Tags: #General, #Los Angeles (Calif.), #Noir Fiction, #Mystery & Detective, #Political Fiction, #Nineteen Sixties, #Political, #Hard-Boiled, #Fiction, #Literary

We airlifted food and medicinal herbs to the slums outside Dajabón. A small sect there has canonized Wayne Tedrow. They wear newspaper photos of him, attached to pointed hats. A dream myth exists about Wayne now. People believe that winged men murdered and martyred him
.

Be still now, I know you see it, I know you loved him. We honor the dead through imagery. Belief works that way
.

Celia ran an arms funnel. We purchased weapons in Cuba and shipped them to Port-au-Prince. I bought inmates out of La Victoria prison and got
them forged ID cards and guns. Money went to converts in La Banda. They left jail doors open and shredded documents. A young man whom Wayne rescued from harm repaid his debt in full. He killed six La Banda torturers at a whorehouse in Borojol. Celia blew up the torture chamber under El Presi-dente's golf course
.

We lost some of ours. Random reprisals were inevitable and cost us dearly. El Jefe muzzled published and broadcast accounts of our actions. Word spread through printed leaflets and secret-band radio
.

Many of the slaves Wayne freed have joined us. Some of them wear his picture around their necks. There have been skirmishes on the north D.R. coastline. A 6/14 demolition team blew up Tiger Kove. Many voodoo sects hold the building sites to be sacred ground. Many people refuse to walk across them. We shotgunned two Tonton Macoute leaders and three vicious bokurs on a golf course near Ville-Bonheur. Celia is lost somewhere in the D.R. or Haiti. She has been unreachable for months. I cannot find her and cannot conscionably continue my search with our work still to do. If you have seen some of this or all of this and my pictures have guided you, you should now try to sleep
.

The Statler supplied guest robes. One size fits all. His fit too small, Joan's engulfed her.

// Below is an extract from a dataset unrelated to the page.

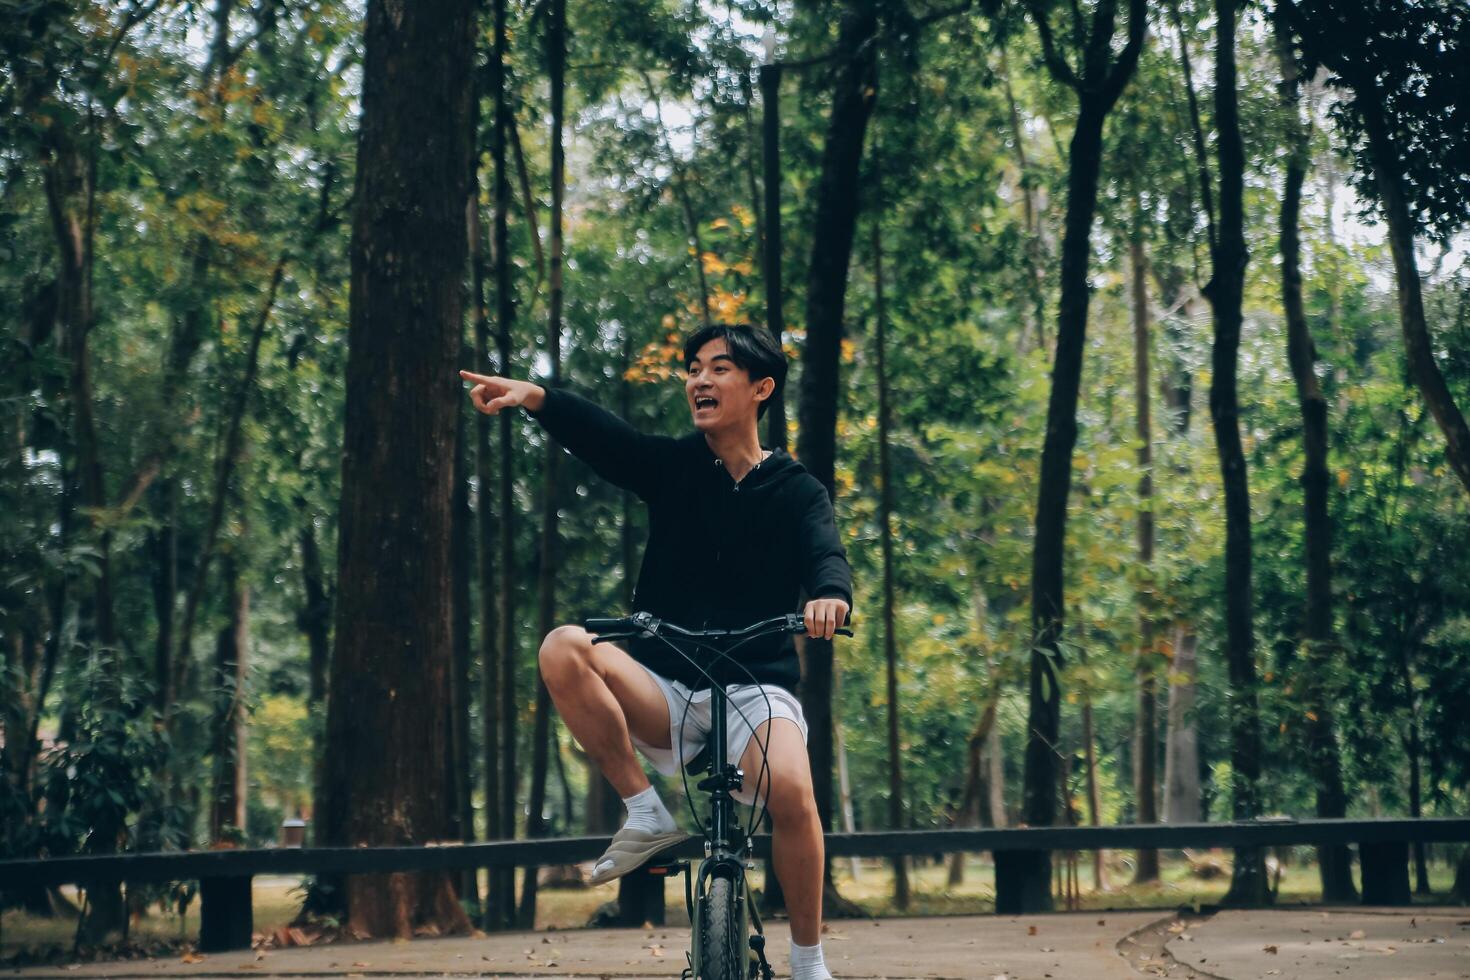 hermoso contento joven hombre con bicicleta en un ciudad calle, activo estilo de vida, personas concepto foto

She was up first. Room service had come and gone. Dwight poured coffee. Joan examined paper stock. The room-service cart was a workbench. The couch was a study perch.

“How do we age the documents?”

“Two runs in a convection oven. You chemically treat the paper and cook it. You add the ink or type the text on later.”

“How do we differentiate the printing and cursive styles?”

“We cut stencils and print or write longhand within the boundaries.”

Joan lit a cigarette. Her eyes were red—late nights and heavy smoking.

“The diary is the big thing. It's our basic text, so it has to be found.”

Dwight sat on the couch. “We have to be sure that he doesn't already have a diary. We've got to locate it, so that we can snatch it and replace it, right before the convergence.”

“Typed, right? We don't want to hand-forge a document of that length.”

Dwight sipped coffee. “Right. If he has a typewriter, we'll purchase an identical one and go from there. I'll get a typeface sample on my first B&E.”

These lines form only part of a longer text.